Rebecca Katz: We have another question from Charles in Houston, Texas, who says, “In retirement, should my Roth be managed? Should I continue funding it in retirement, start withdrawing before or after taxable and tax-deferred accounts?” We promised to talk about managing retirement income using a Roth. Is there a good approach here? And if he’s retired, I assume he has no earned income and therefore can’t contribute?
Maria Bruno: So you can’t contribute unless you have earned income. If you’re taking distributions by having the different account types, you can strategically manage that on a year-by-year basis. So the previous individual who was in a low tax bracket, for instance, may be considering a conversion. Well, if you’re withdrawing and you may be in a very low tax bracket, then you typically would—for whatever reason in a particular year—then maybe you would want to draw from tax-deferred that year and not Roth.
Generally speaking, the more you can let the Roth grow tax-free, generally the better off— because that account gets to grow and you don’t necessarily need to take the RMDs and what-not. But assuming that you don’t have RMDs from the traditional IRA, you’re usually faced with the “where do I spend from” and generally if you have taxable assets—because those are taxed at lower rates, capital gains rates are taxed lower than income tax rates, and you might have some losses and things like that you can manage in taxable accounts—that’s usually the first source of spending. Beyond that, then you want to look at what your current tax rate is versus future tax rate expectations.
Joel Dickson: And tax rates can change quite a bit in retirement. I mean, think if you have large medical expenses one year. So you might have much higher itemized deductions, for example. Well, there your tax rate is a little bit lower than normally where it would be. And so there you might want to take distributions from the traditional IRA, because it won’t be as heavily taxed. Whereas in other years maybe you have a higher income, and so to the extent that you need resources from a retirement income standpoint, you take it from the Roth.
Alisa Shin: This is where I risk getting kicked under the table by my investment colleagues here. From an estate planner’s perspective, obviously depending upon what your overall taxable estate is, what your net worth is, if you are subject to federal or state estate tax—if you are, from an estate planner’s perspective, it is generally better to leave what I’ll call taxable assets, non-IRA assets, to your individual beneficiaries than it is to give a traditional IRA. Just because that IRA will be subject to both the state tax and income tax as your beneficiary takes it out, especially if your beneficiary will be in a higher tax bracket than you are currently in. It might be even more important for you to spend down from your traditional IRA.

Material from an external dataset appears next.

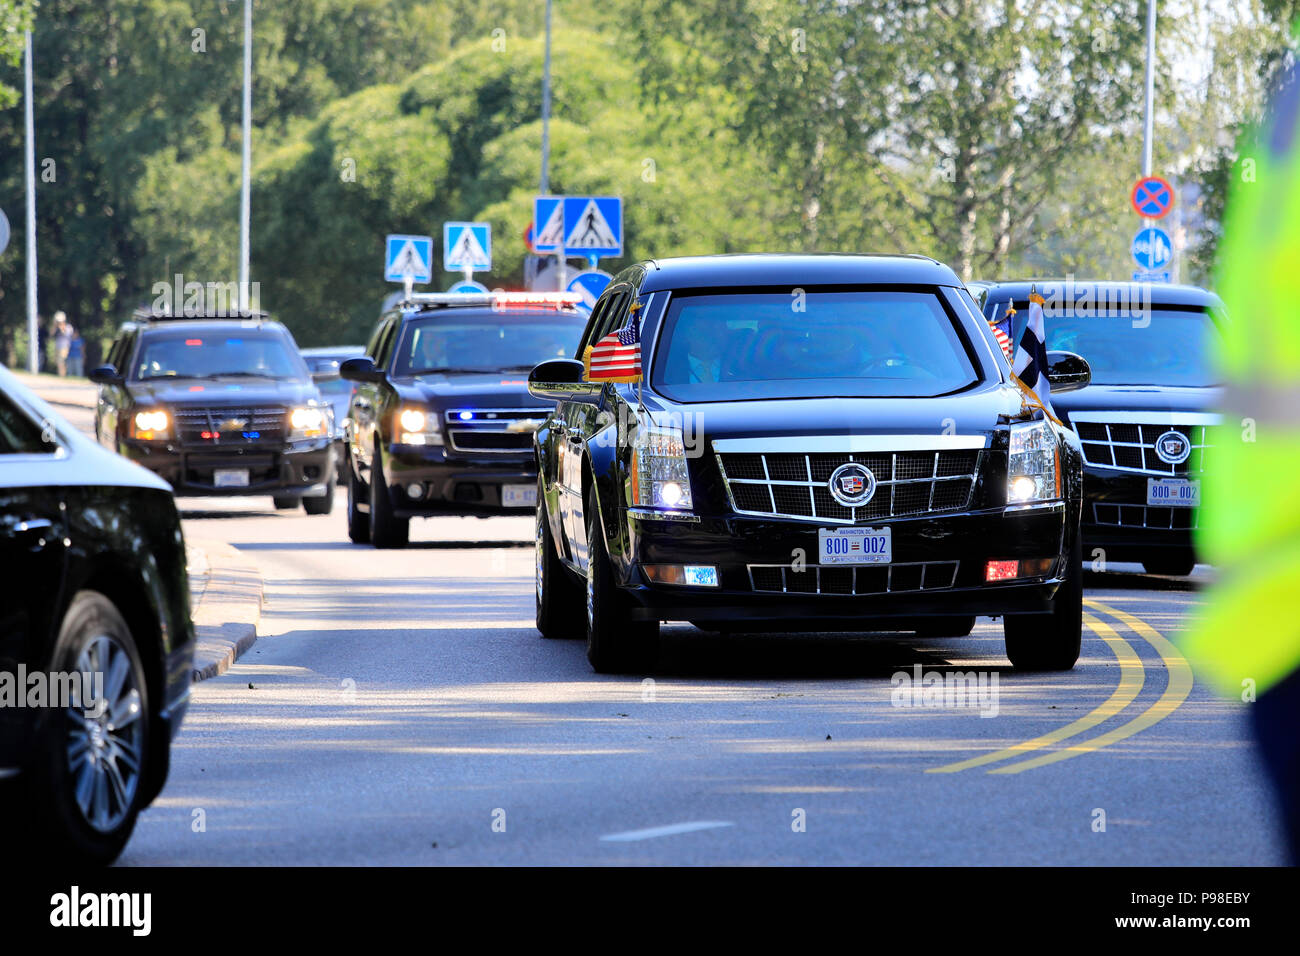 Helsinki, Finland. July 16, 2018. The motorcade of US President Donald Trump and First Lady Melania Trump passes along Ramsaynranta ahead of US and Russian Presidents' historic meeting. Credit: Taina Sohlman/Alamy Live News - Stock Image
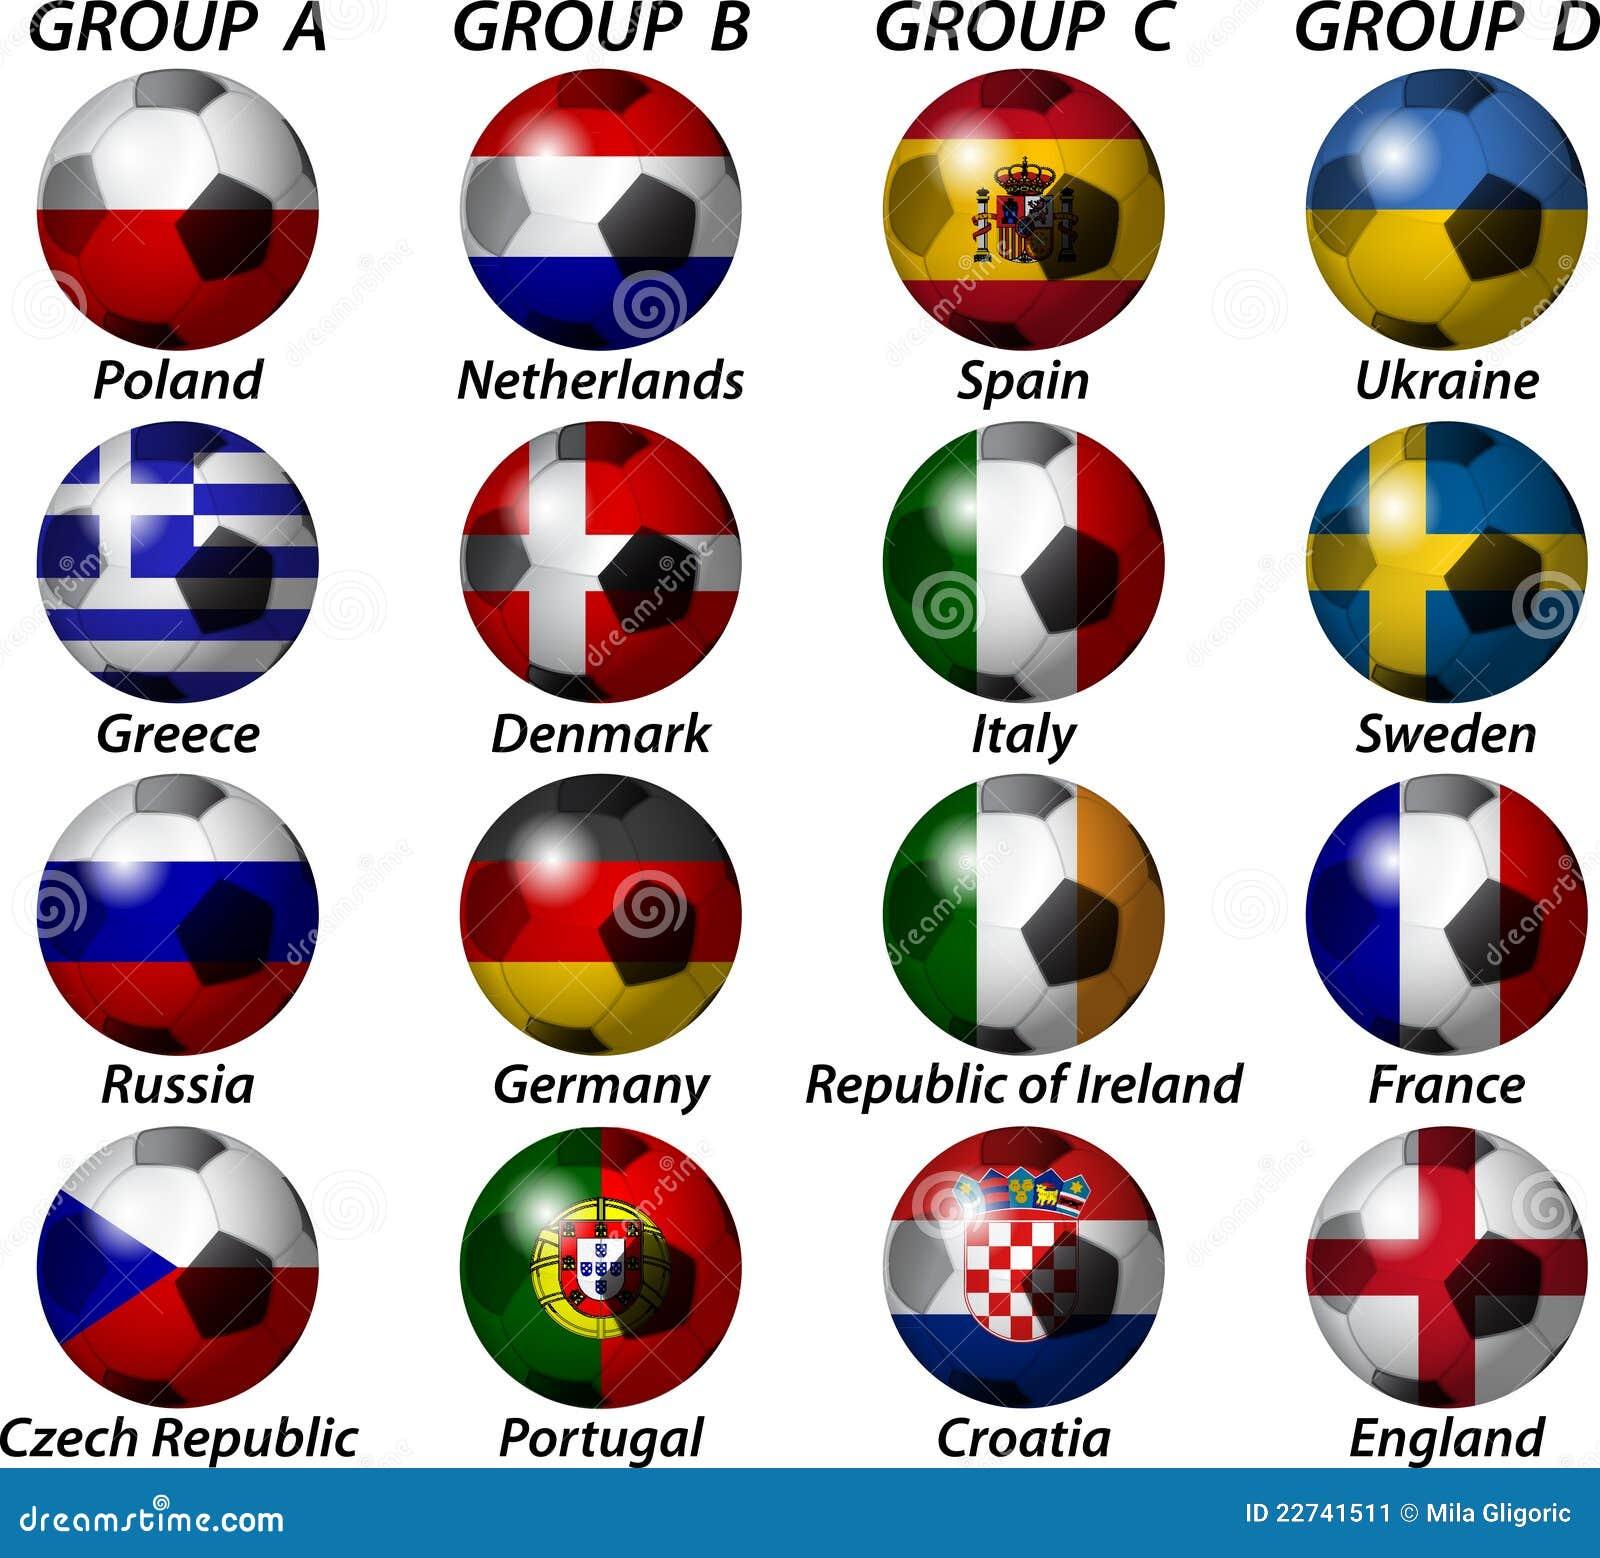 Euro dell UEFA 2012 gruppi

Where I usually end up compromising with my colleagues here, which came about in 2010, was to say if you don’t want to spend down your traditional IRA, at least convert that amount into a Roth IRA and we get almost the best of both worlds.
Maria Bruno: I think what we’re really getting to here is that there’s an interplay between income taxes and estate taxes, depending upon how large your net worth is. And if you’re in that situation and you want to pass assets to your heirs or charities or whatnot, then you really probably want to sit down with a professional and talk about it. Because you do want to maximize the wealth transfer, minimize the current taxes as much as possible. But there is a big interplay between income taxes and estate taxes.
Joel Dickson: There’s just big interplays all over the place here. I actually worry we’ve given the impression that in the year of Roth conversion, you’re always going to have induced even higher taxes. Yes, you have to pay the tax on the conversion. We talked about deductions and exemptions and so forth. But even there, there are actually potential offsets, because if you have more income you might have less alternative minimum tax. So you might not be paying the full freight of the marginal income tax rate.
Or it might raise your charitable deduction cap. Because you have more AGI, adjusted gross income, you can actually give more to charity if you’re a big charitable giver in those years. So one strategy is actually to pair large charitable giving with Roth IRA conversions. So there are lots and lots of nuances to this.
Rebecca Katz: Sounds like you need both the estate planning attorney and a good accountant.